Our study administration of perindopril (2 mg)/indapamide (0.625 mg)/o.d. tablets to patients with type II diabetes milletus elevated urinary NAG levels produced a significant decrease NAG excretion. This decrease is independent from blood pressure, HbA1c levels, serum creatinine, GFR, or BMI.

Studies have shown that in patients with absence of any signs of renal dysfunction, including microalbuminuria, urinary NAG activity starts at around the third year of type II diabetes milletus. In multiple regression analysis, irrespective of protein levels, NAG was found to be an independent correlate.[13]
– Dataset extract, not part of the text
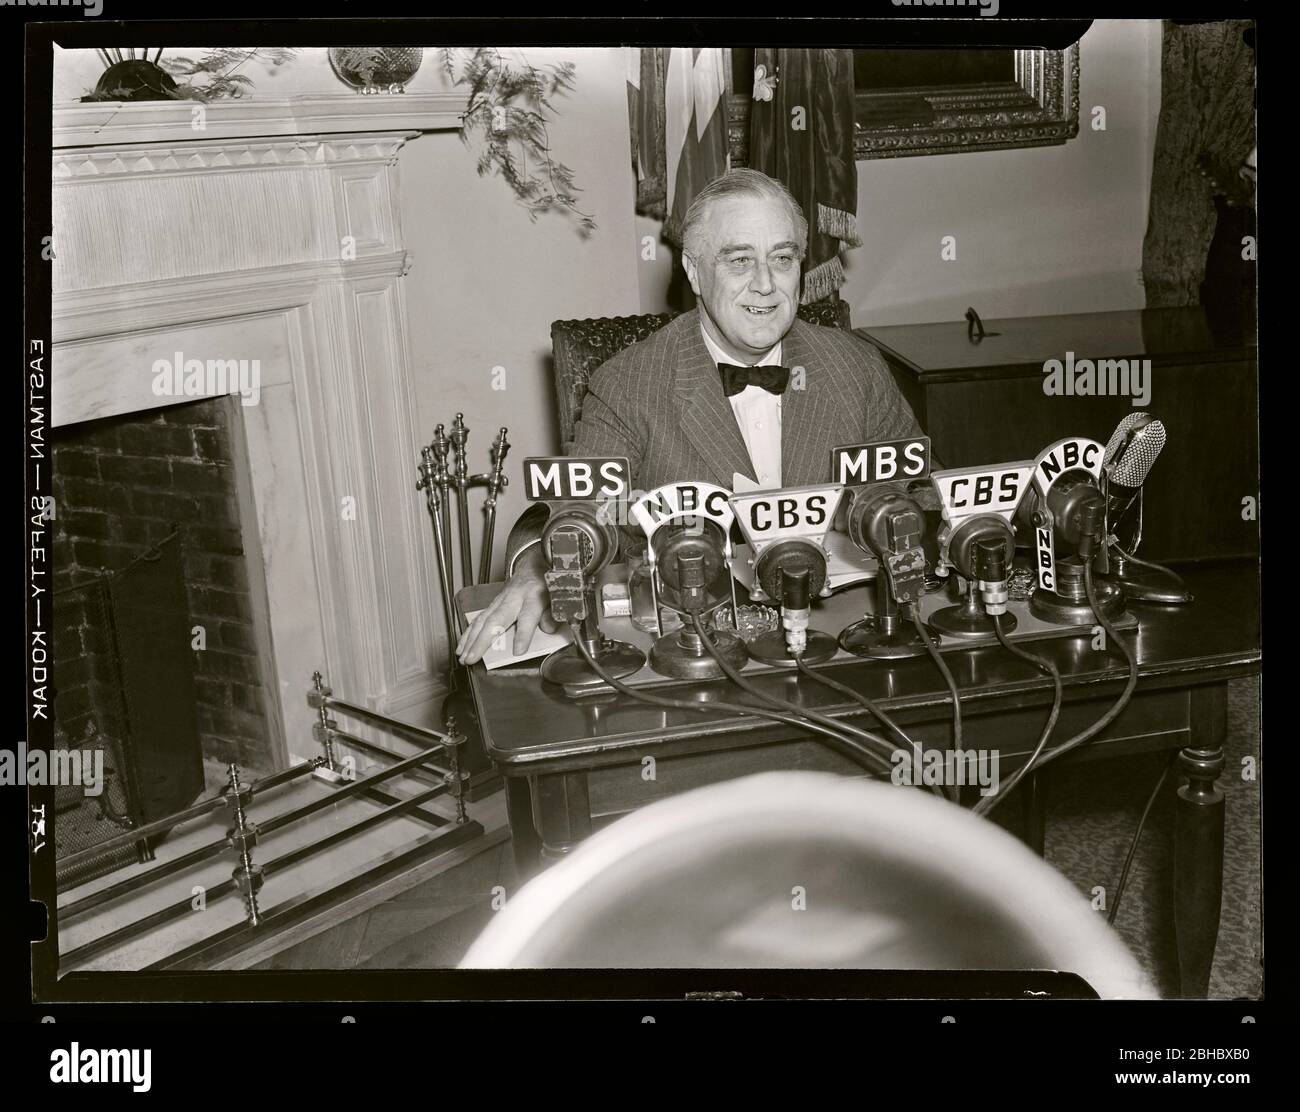 Präsident Franklin D. Roosevelt "FDR" lächelt, bevor er zwei Tage nach dem Angriff auf Pearl Harbor, 1941, eine Radioadresse gibt. Bild von 4x5 Zoll Negativ. Stockfoto

Although we failed to show a significant correlation between the duration of diabetes and the levels of NAG (P > 0.05) in diabetic patients, pretreatment NAG were lowest in group A and highest in group C (Table 4).
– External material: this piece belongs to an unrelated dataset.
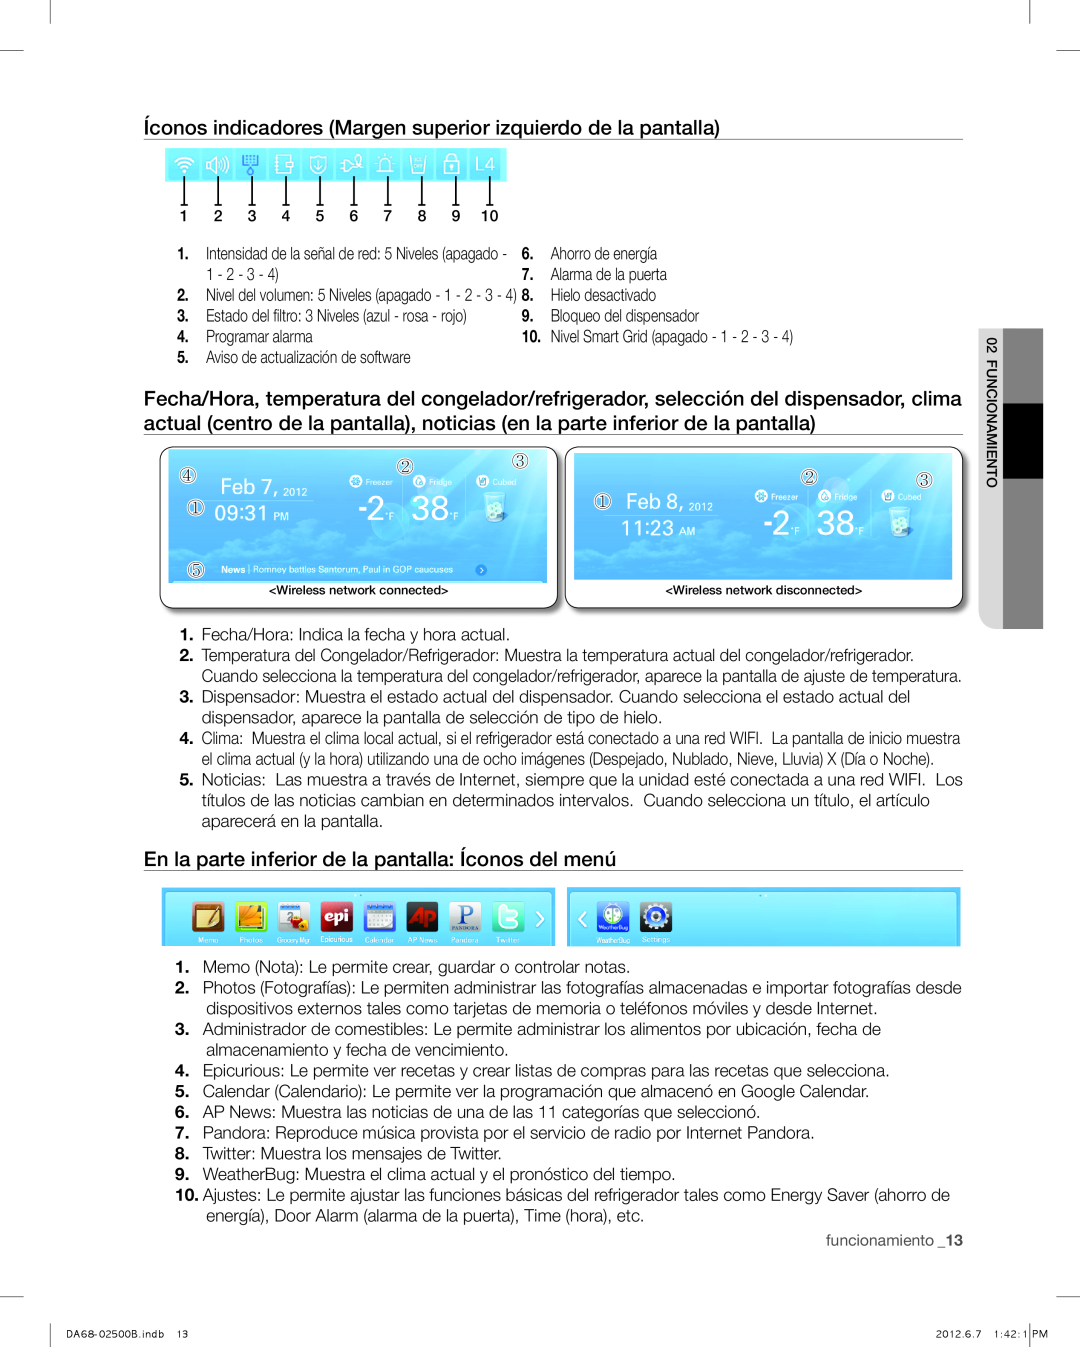 Samsung RSG309 Íconos indicadores Margen superior izquierdo de la pantalla, Bloqueo del dispensador, Programar alarma

Clinical evidence suggesting an important role for microalbuminuria in defining patients with cardiovascular disease (CVD) risk is increasing. In fact, CVD is the leading cause of death in patients with microalbuminuria. Although the underlying mechanisms are far from being clear, it is generally accepted that microalbuminuria reflects the extensive endothelial dysfunction that can pave the way for both CVD and renal disease. Therefore, to reduce the risk of CVD and renal failure, markers that can predict the likelihood of renal dysfunction at an earlier stage of microalbuminuria are required.

In conclusion, urinary NAG excretion is elevated in type II diabetic patients as compared with healthy individuals. Presence of tubular proteinuria may be an early indicator of diabetic renal disease in patients without microalbuminuria.

Perindopril (2 mg)/indapamide (0.625 mg)/o.d. administration is effective in reducing urinary NAG excretion in these patients, and this effect seems to be independent of blood pressure and glycemia control. It is possible to hypothesize that perindopril (2 mg)/indapamide (0.625 mg)/o.d. may have beneficial effects on the tubulointerstitial damage in diabetic kidney disease.